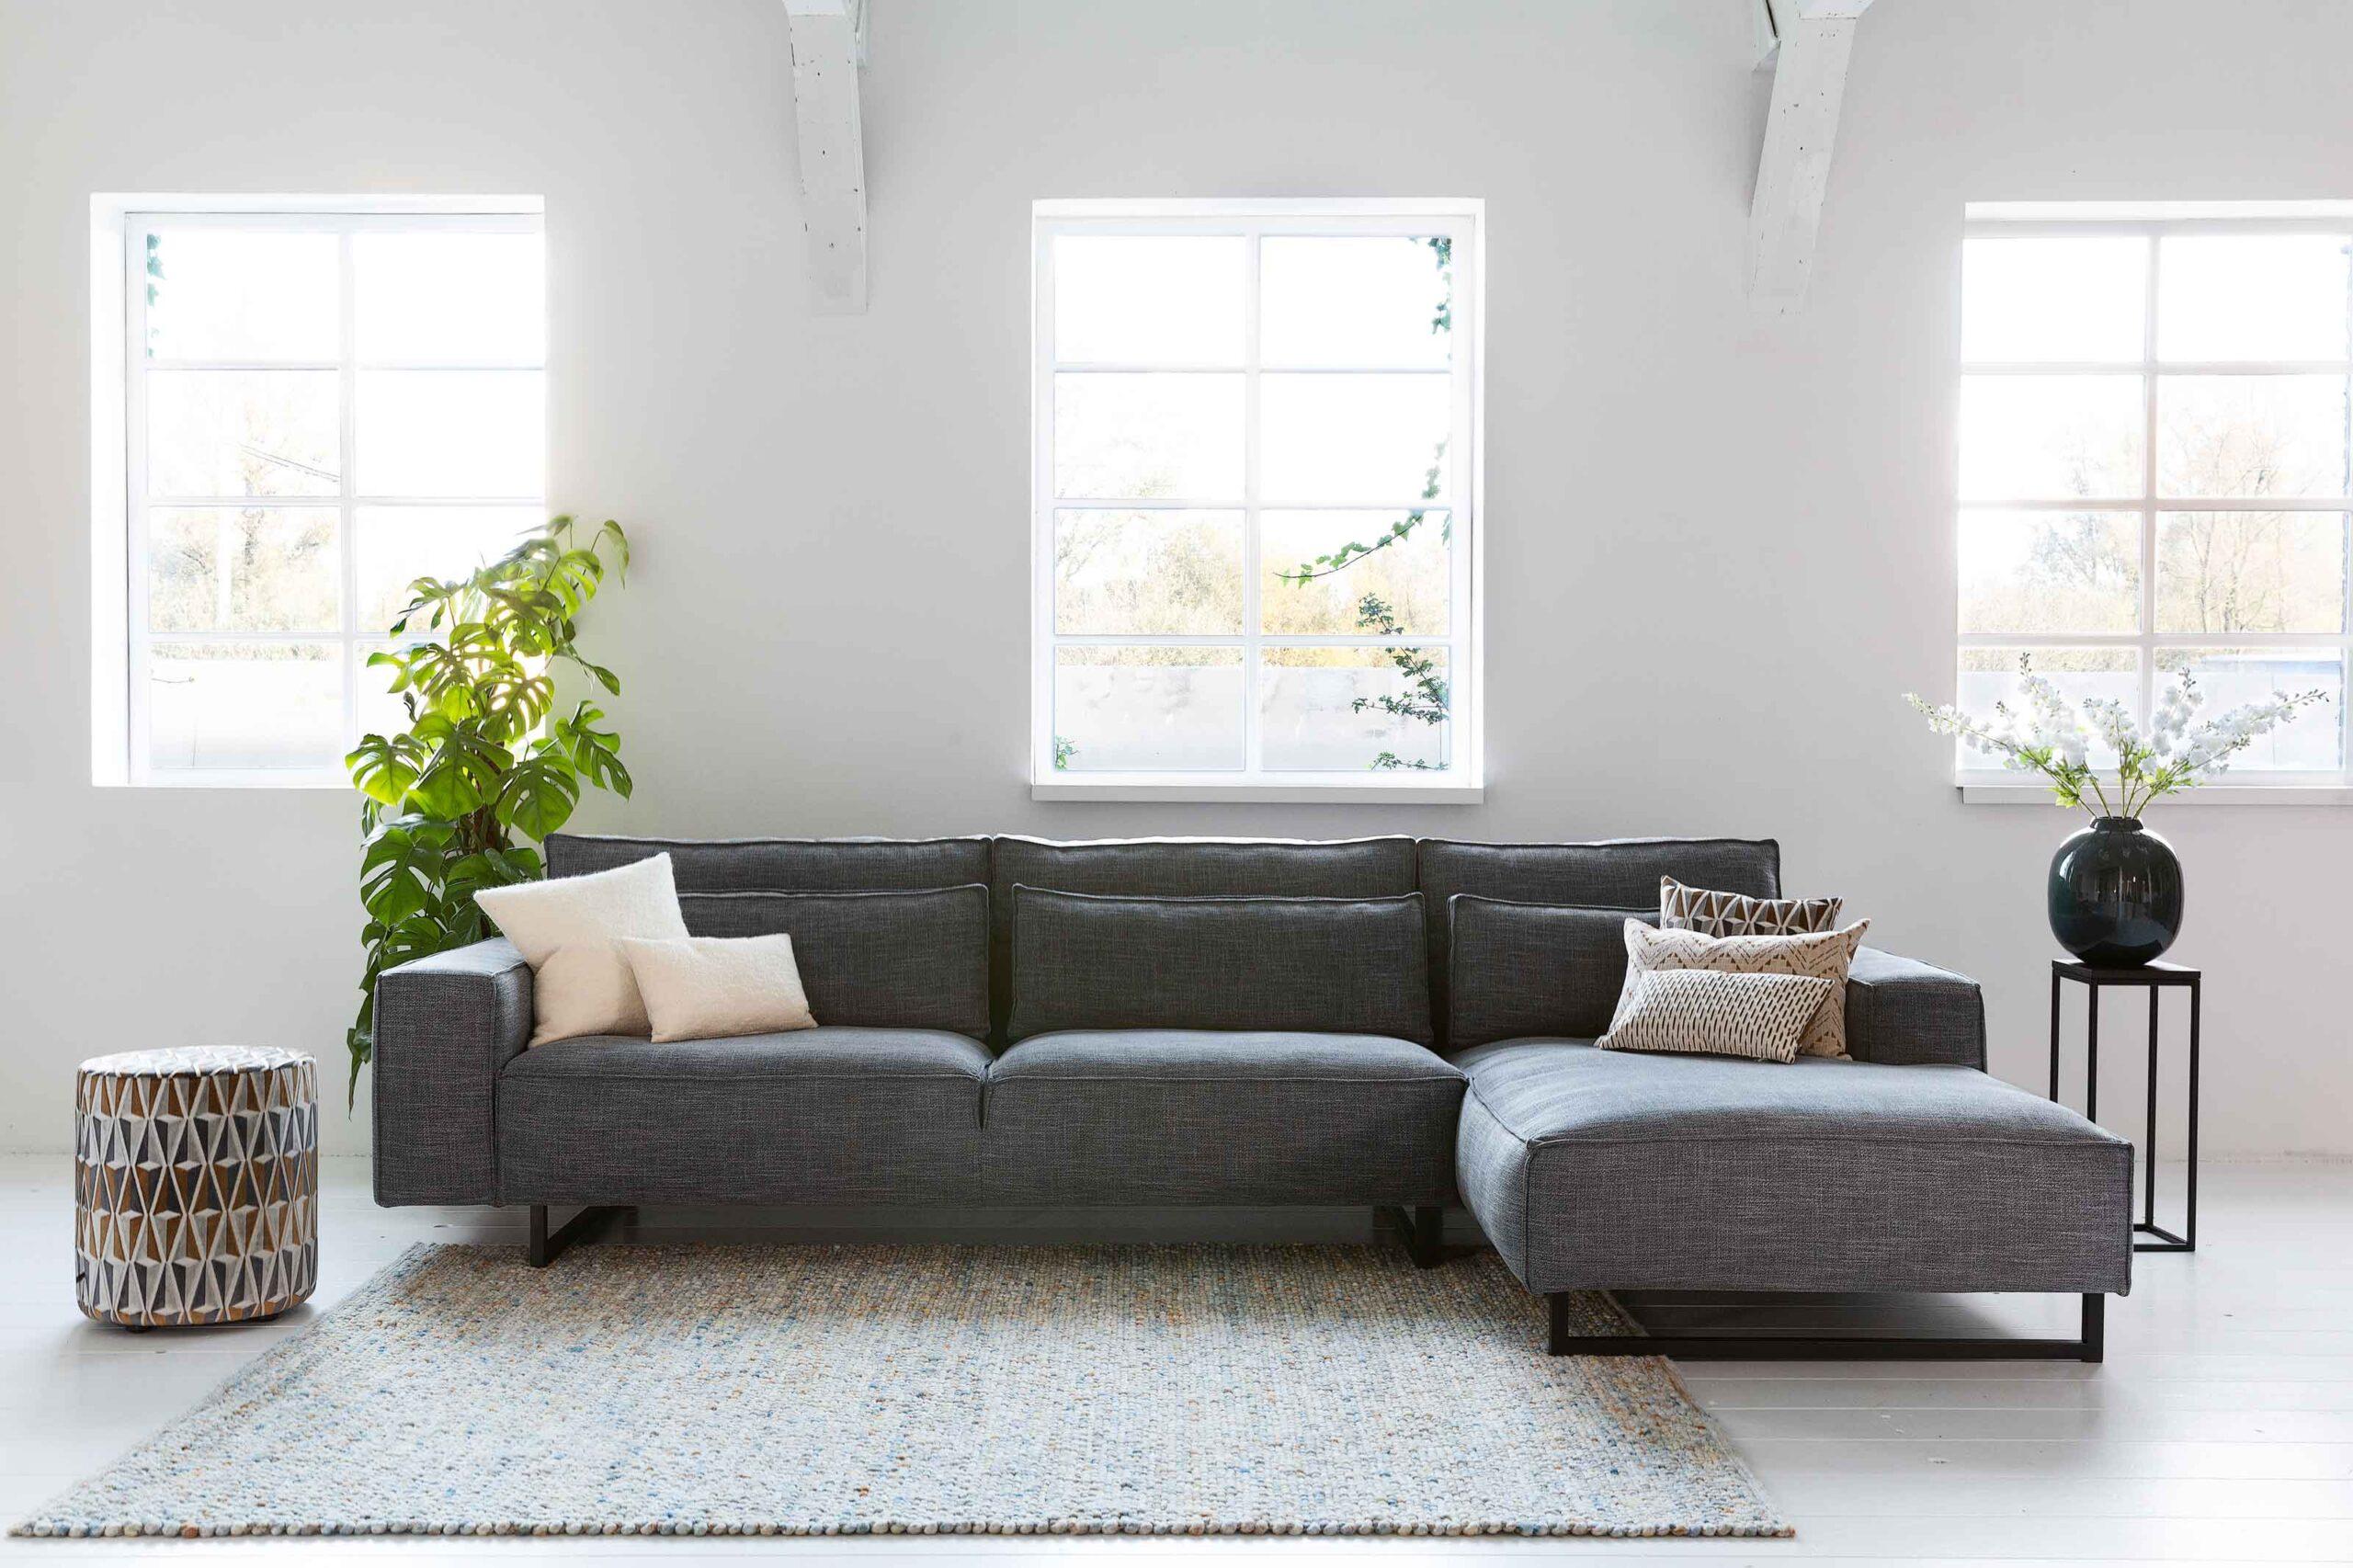 vivre-de-provence-zitbank-longchair-kleur-grijs-industiele-poten-soofs-interieur
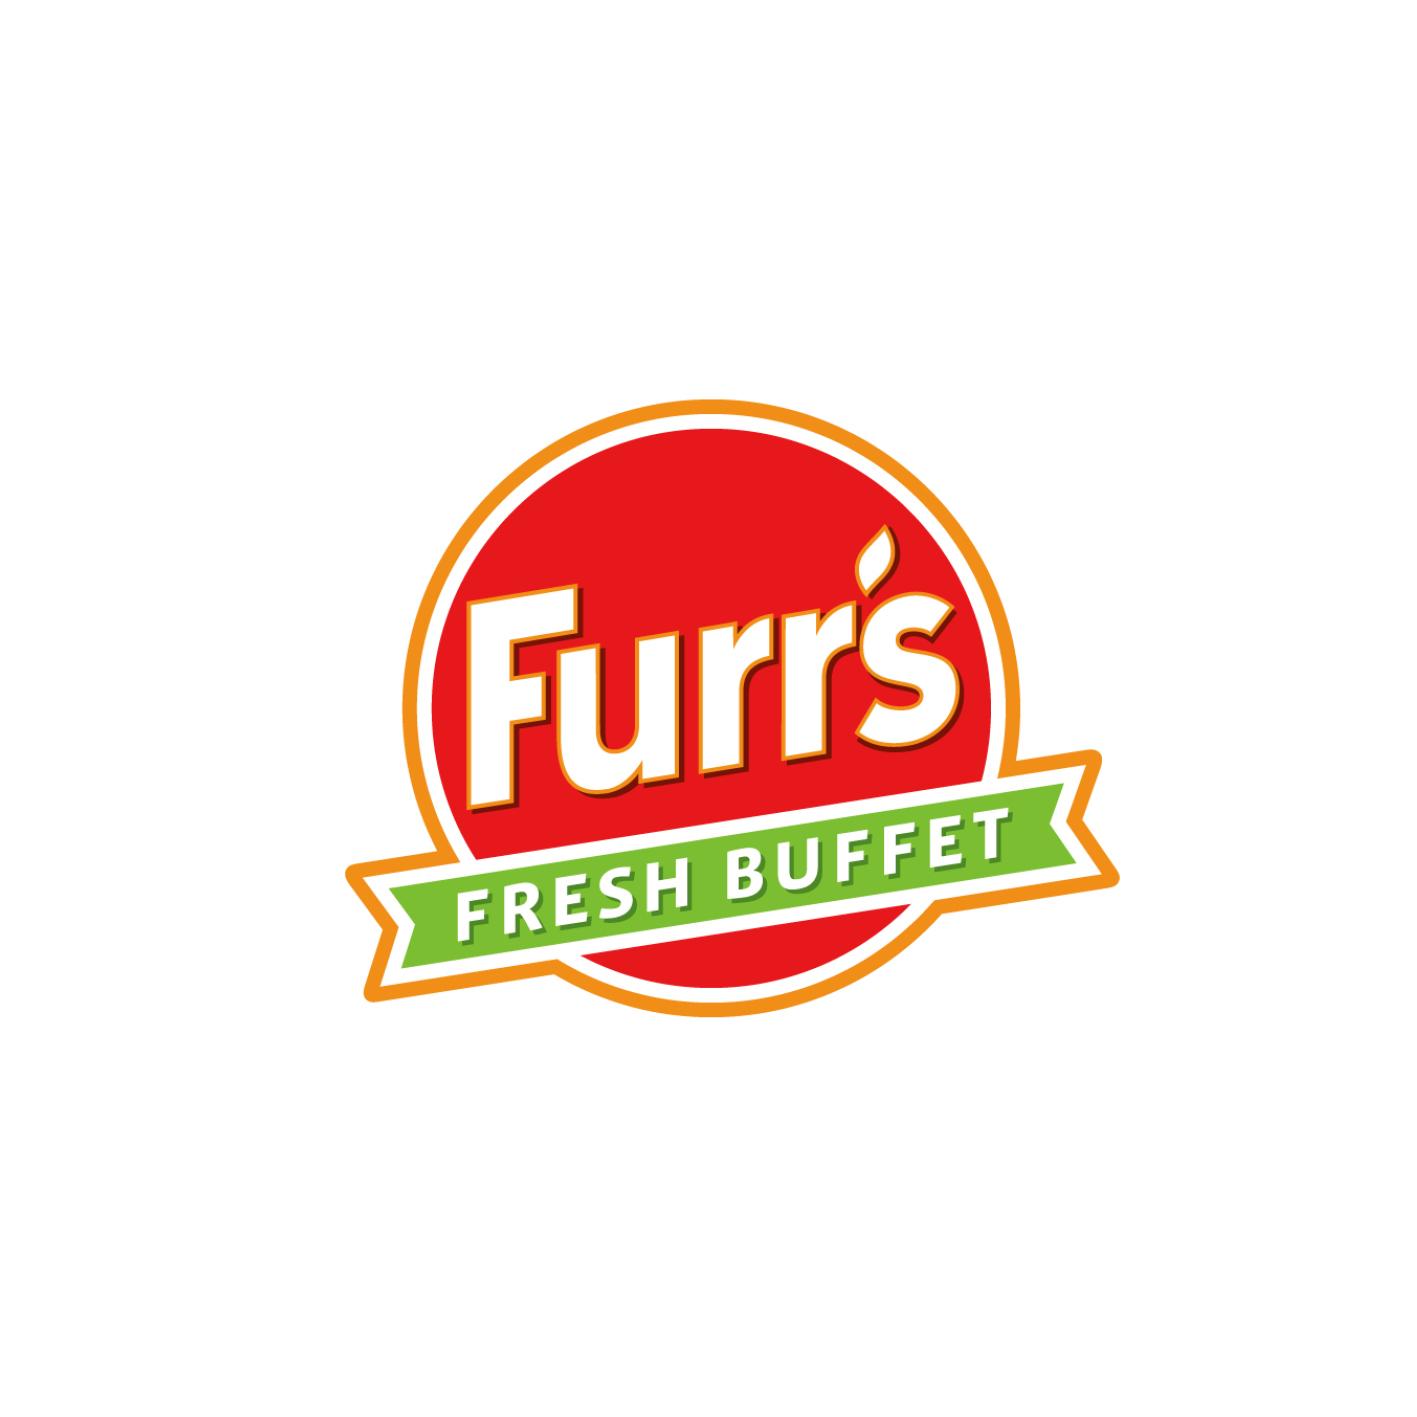 Furr's Fresh Buffet logo
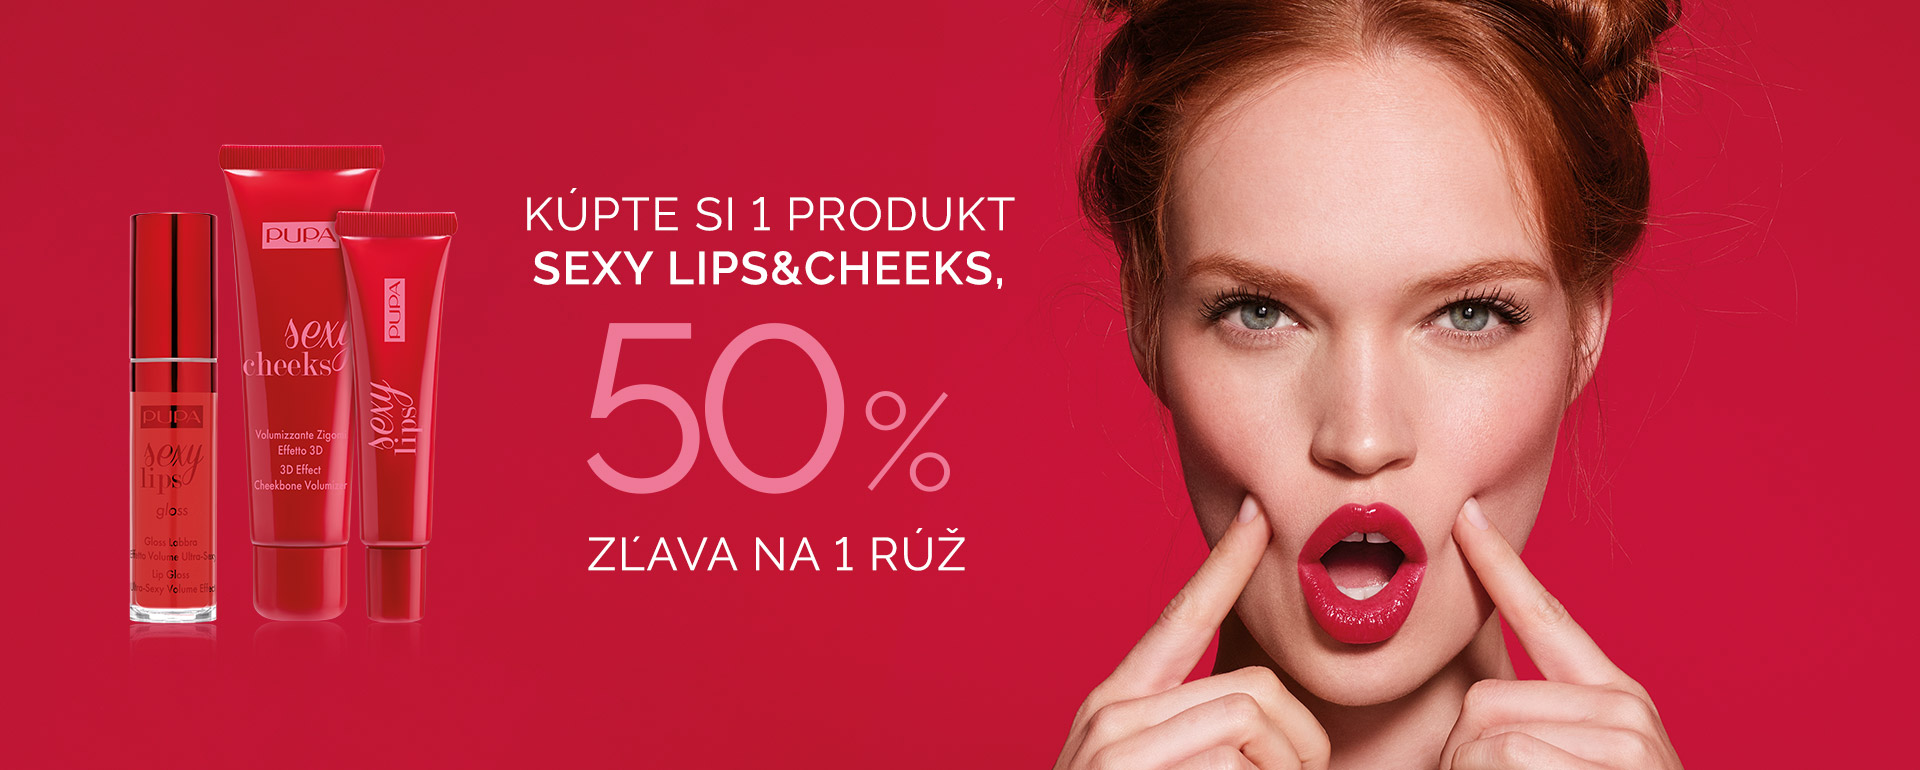 Sexy Lips&Cheecks - PUPA Milano
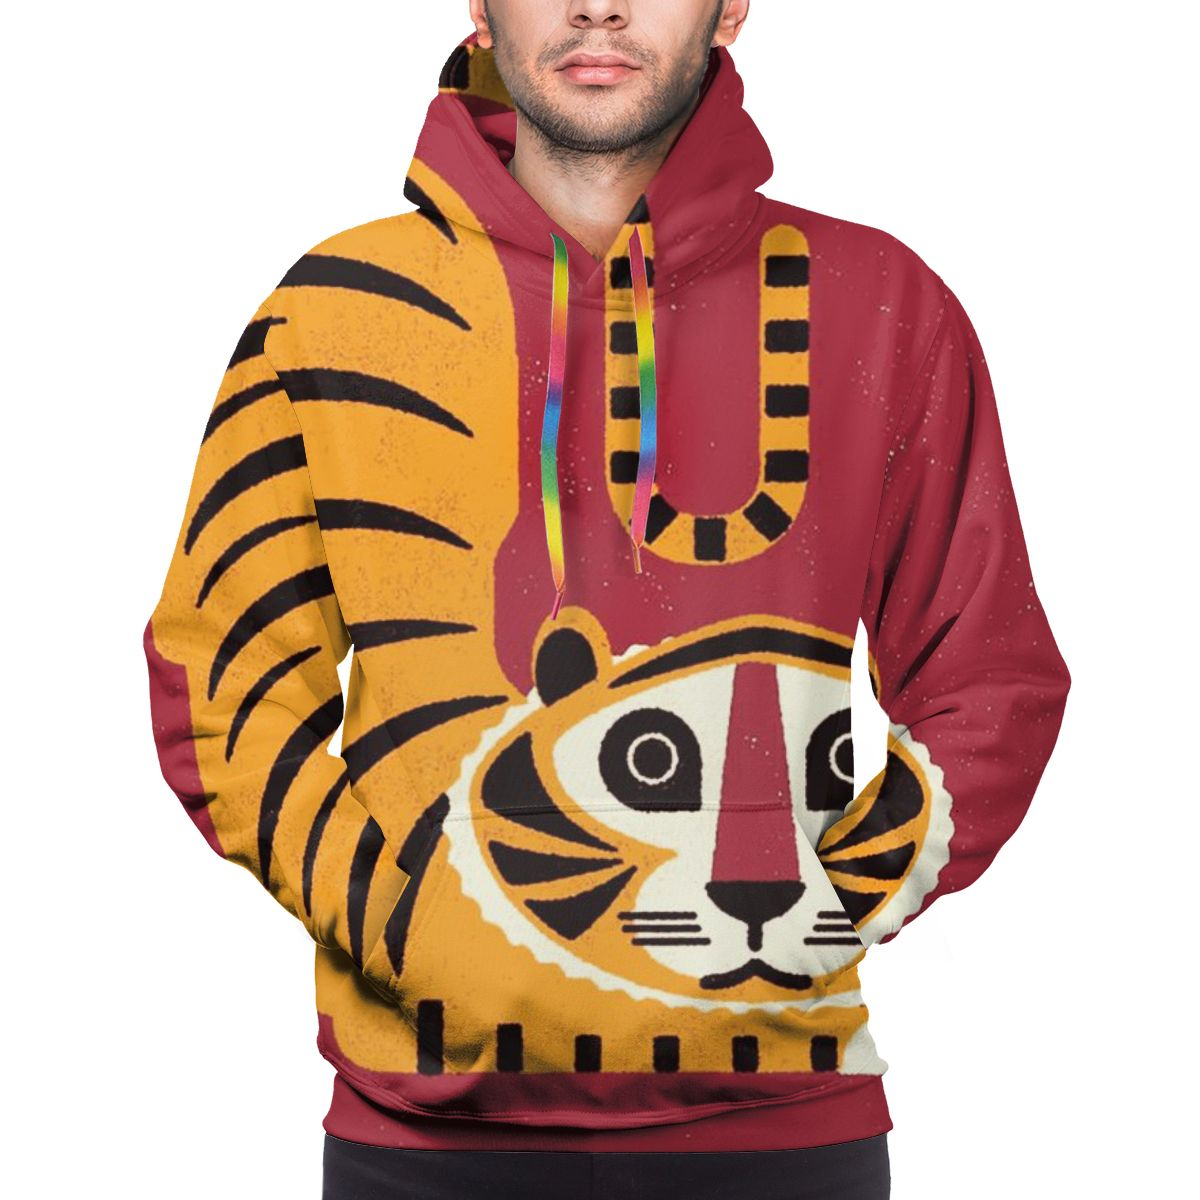 NOISYDESIGNS Festive Tiger 3D Print Sweatshirt Harajuku Hoodie Tracksuit Yellow Tigers Design Hoodies Animal Fashion Jacket

● ● ● ● ● ● ●

All that is needed is the lines from the line holding "Sexy Lips&Cheecks - PUPA Milano" to the final line of the listing above, repeated exactly, pictures excluded.

**Reply to the exercise**.
 Sexy Lips&Cheecks - PUPA Milano
 NOISYDESIGNS Festive Tiger 3D Print Sweatshirt Harajuku Hoodie Tracksuit Yellow Tigers Design Hoodies Animal Fashion Jacket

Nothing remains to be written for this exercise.